# NSCI 580A5 fall 2017

### Sidebar

NSCI 580A5

Instructors
Tai Montgomery
Asa Ben-Hur

assignments:assignment5

## Assignment 5

Due date: 10/25 at 10am.

#### Part 1: Processing CSV files

One of the most common formats for storing data is called CSV, in which a matrix is represented as lines of comma separated values (hence the name CSV). In this part of the assignment you will write code for reading and processing data stored in CSV format. The first step is to read the data stored in the file. For that purpose, write a function called csv_read(file_name) that reads the data stored in the given file and returns a matrix (implemented as a list-of-lists). Suppose the data is stored in a file that has the following data:

2,3,4
5,6,7

>>> matrix = csv_read("test.csv")
>>> matrix
[[2, 3, 4], [5, 6, 7]]
>>> matrix[0]
[2, 3, 4]
>>> matrix[1][2]
7

Our next step is to write a function that uses the resulting matrix to compute the column-wise averages of the matrix given to it as input. Call that function column_average(matrix). It should return a list providing the averages of the columns of the matrix, such that element $i$ in the list is the average of column $i$ in the matrix. Continuing our previous example:

>>> averages = column_average(matrix)
>>> averages
[3.5, 4.5, 5.5]
# the resulting list should have as many entries as
# there are columns in the matrix:
>>> len(averages) == len(matrix[0])
True

We will use this function in order to generate a new mean-subtracted matrix using a function called mean_subtract(matrix). This function should return a new matrix that has the same size as the original and satisfies the following equation:

$$M_{ij} = O_{ij} - m_i$$ where $O$ is the original matrix, $m$ is the list of means, and $M$ is the result of mean-subtraction.

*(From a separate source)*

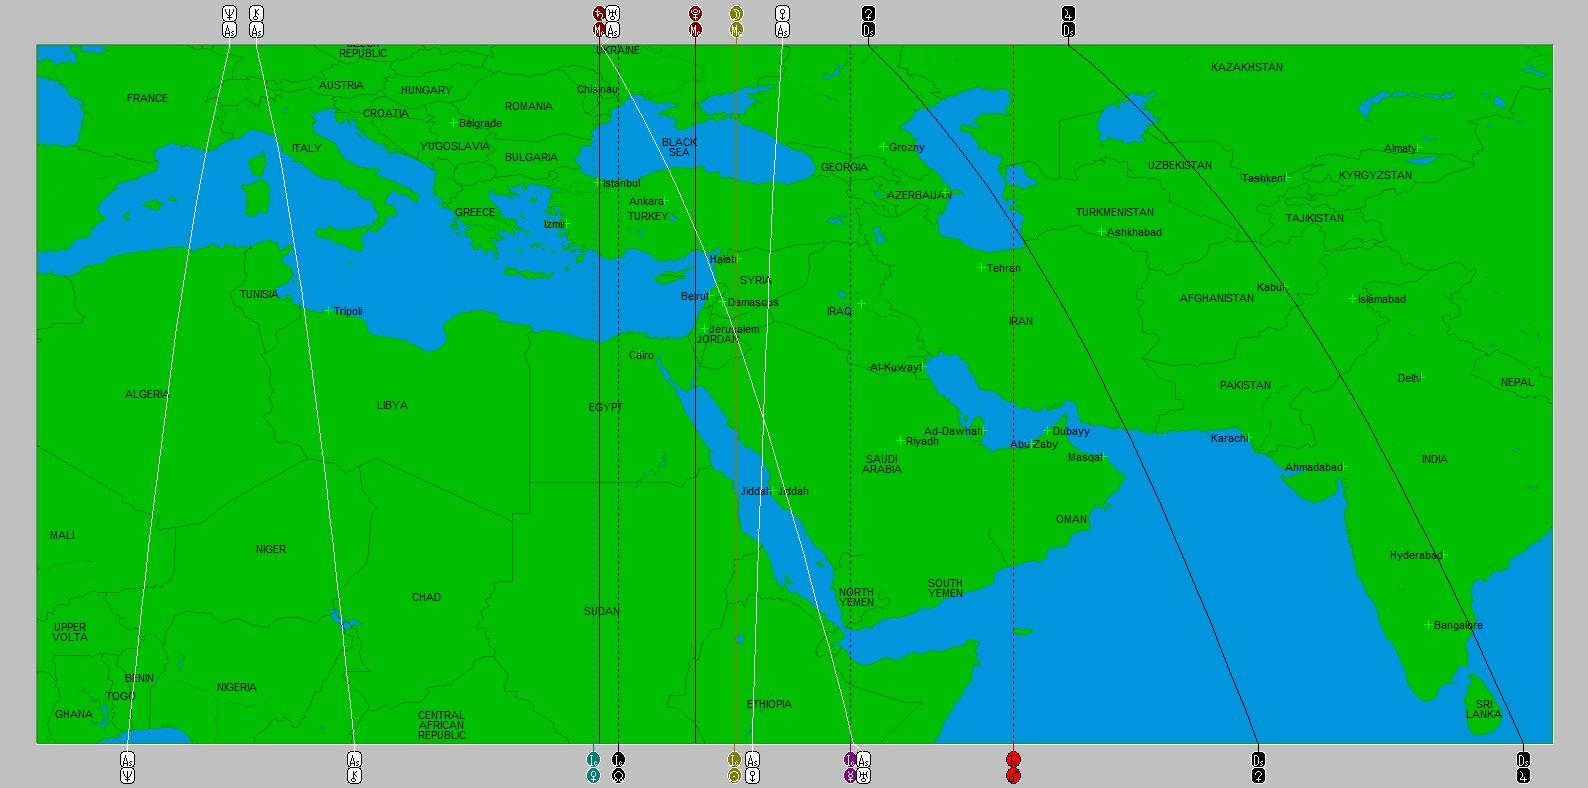 astro charto lunar ecl jul 2019

Our final step is to write the resulting matrix to a file using a function called csvwrite(matrix, filename), which writes a matrix (the first argument) into the file given by the second argument.

Overall, a user might use your functions as follows:

>>> matrix = csv_read("test.csv")
>>> mean_subtracted = mean_subtract(matrix)
>>> csvwrite(mean_subtracted, "test_mean_subtracted.csv")

Python has a module called csv, which as you may guess, is useful for reading/writing CSV files; you may use it for this task (or choose to write it by yourselves).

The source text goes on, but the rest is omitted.